Australian rules footballer

James Francis Thoms (25 May 1918 - 3 September 2005) was an Australian rules footballer who played for Footscray in the Victorian Football League (VFL).

Thoms, a speedy rover, was good enough to represent the VFL in both 1941 and 1946. Pushed forward in 1946, his final season, Thoms kicked 50 goals and at least one in each of his 19 games for the year. This tally included bags of six against both Geelong and Hawthorn, at Western Oval. His last league appearance was in a Semi Final loss to Melbourne where he brought up the 100th goal of his career.

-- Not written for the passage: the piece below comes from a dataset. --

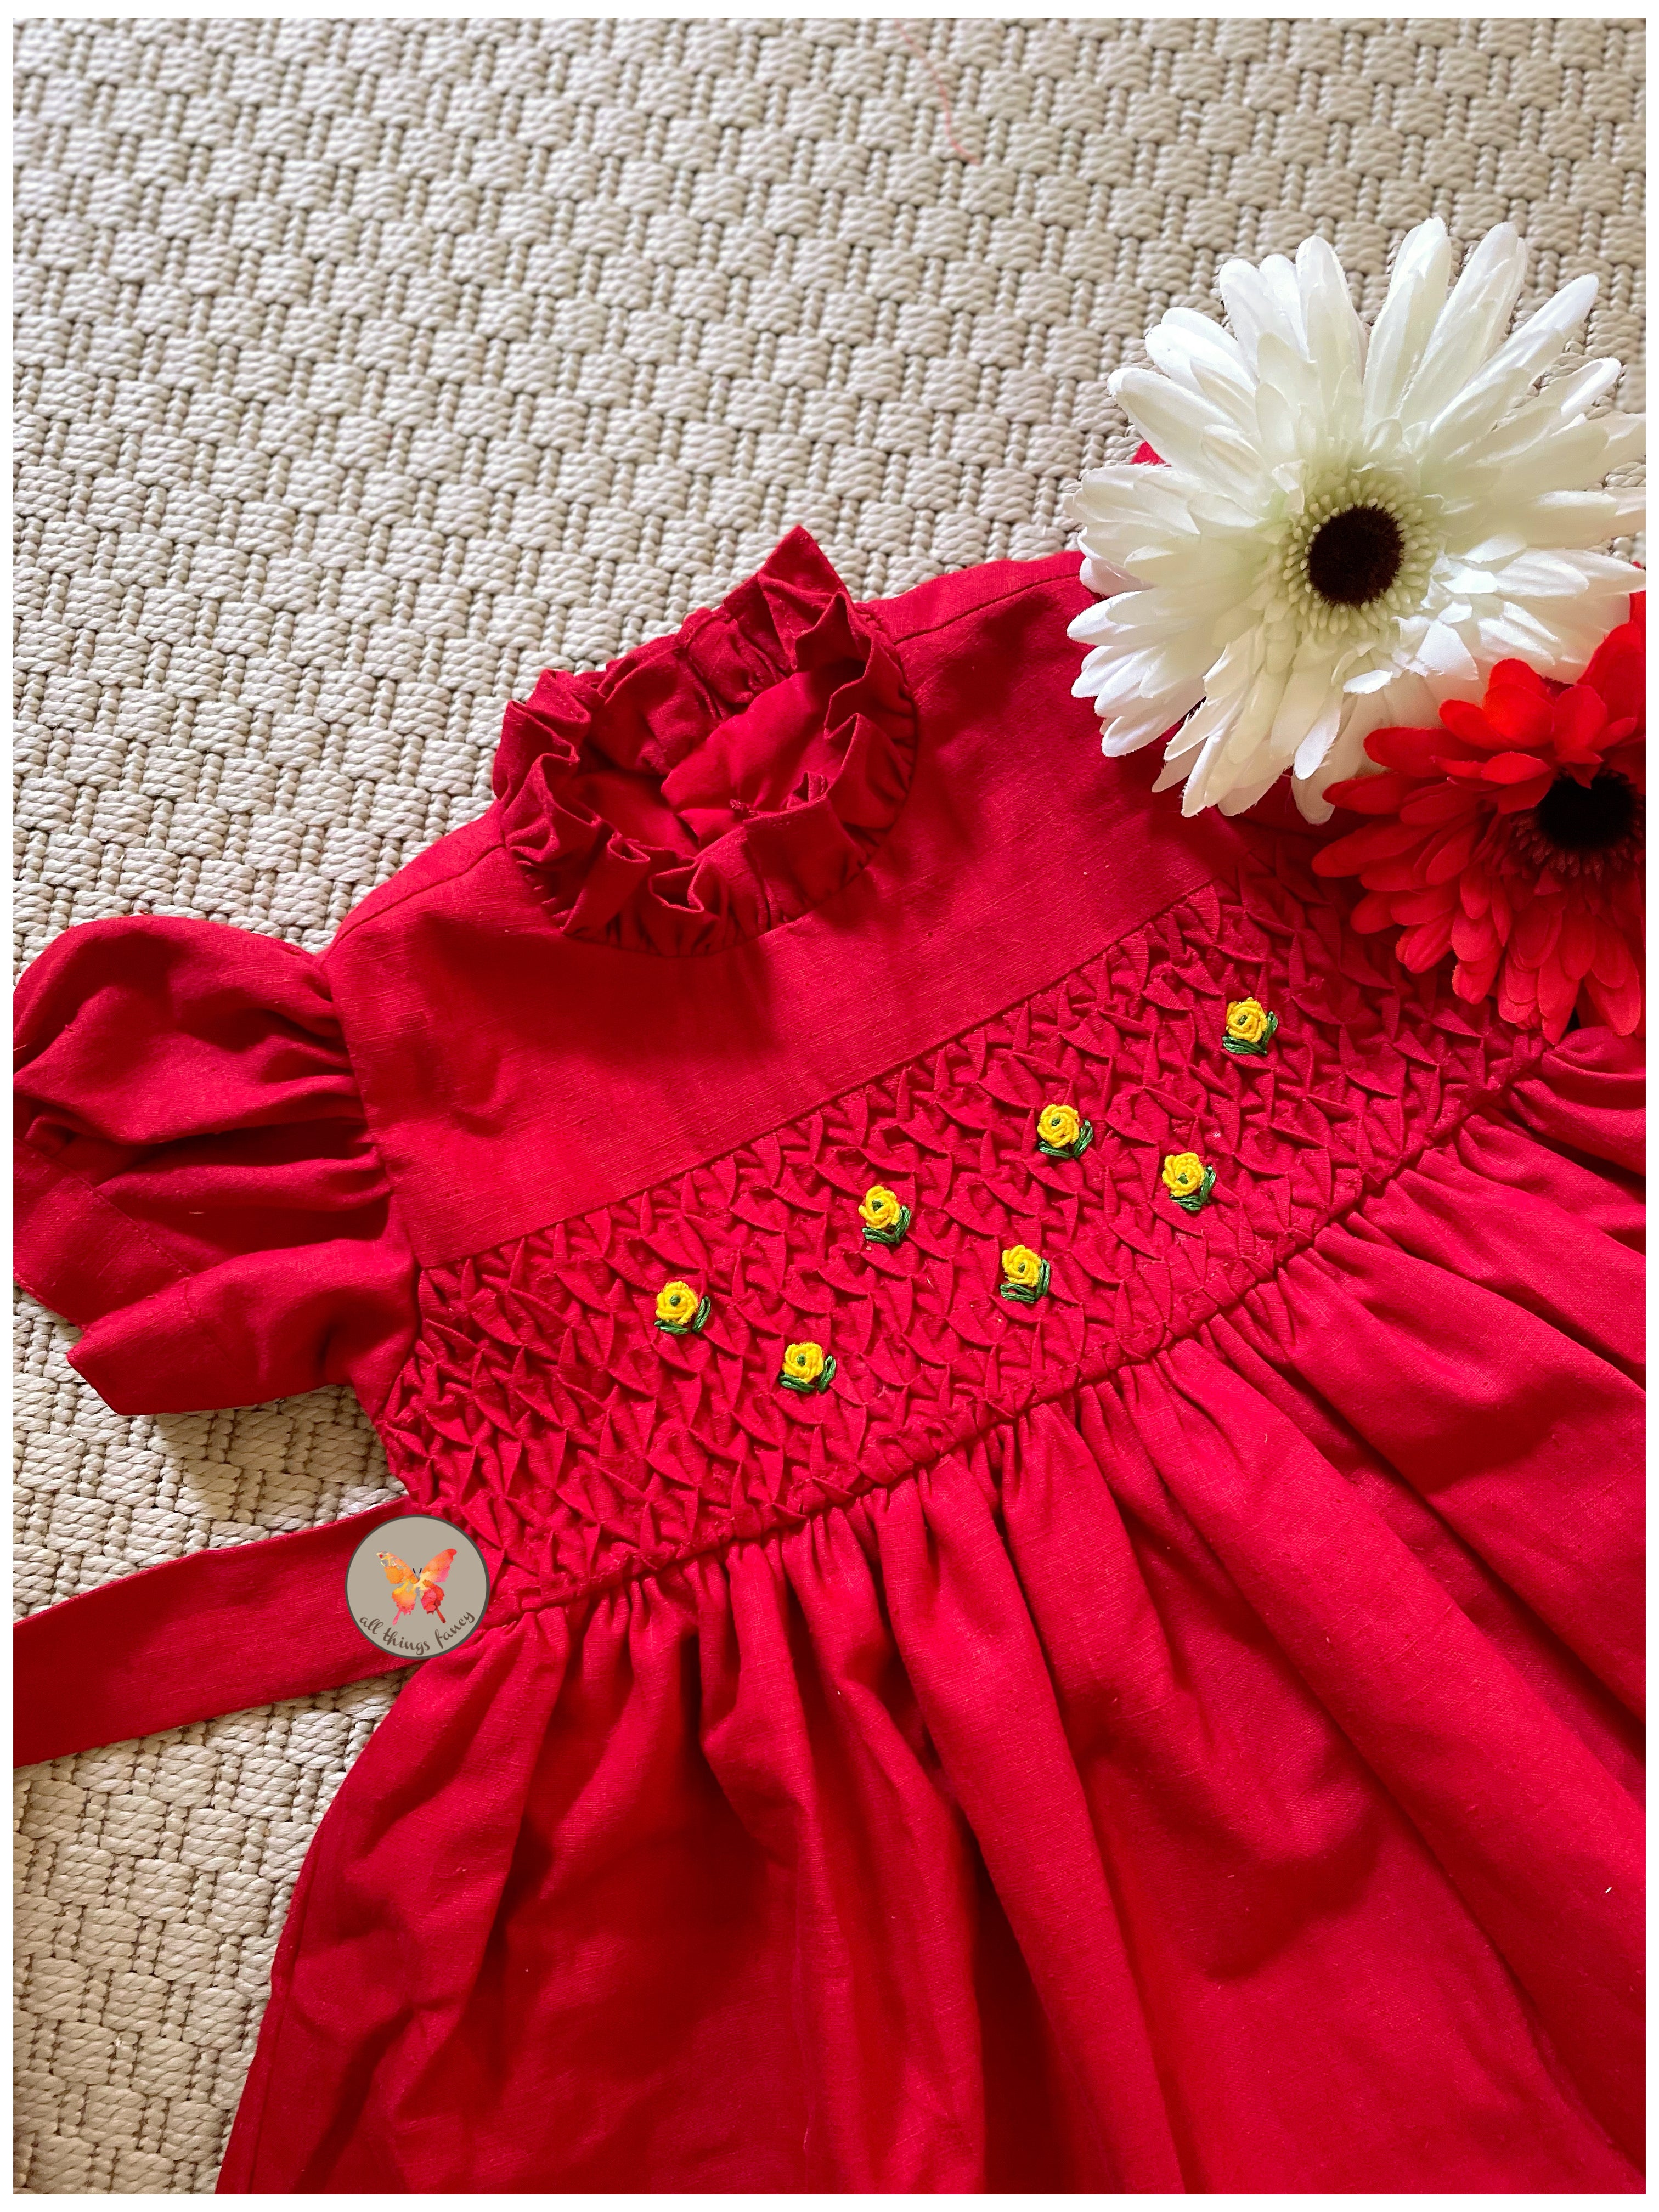 Frenchknot Dress - Red

South Australian club West Torrens secured his services for the 1945 finals series. In the 1st semifinal against North Adelaide he kicked a goal on the bell to break the deadlock and put West Torrens into the Grand Final, which they won. The bell had actually sounded before he kicked the ball but because umpire Ken Aplin had not heard it and thus didn't signal the end of the game, the goal was allowed.

His younger brother, George, was an Australian Test cricketer and gynaecologist.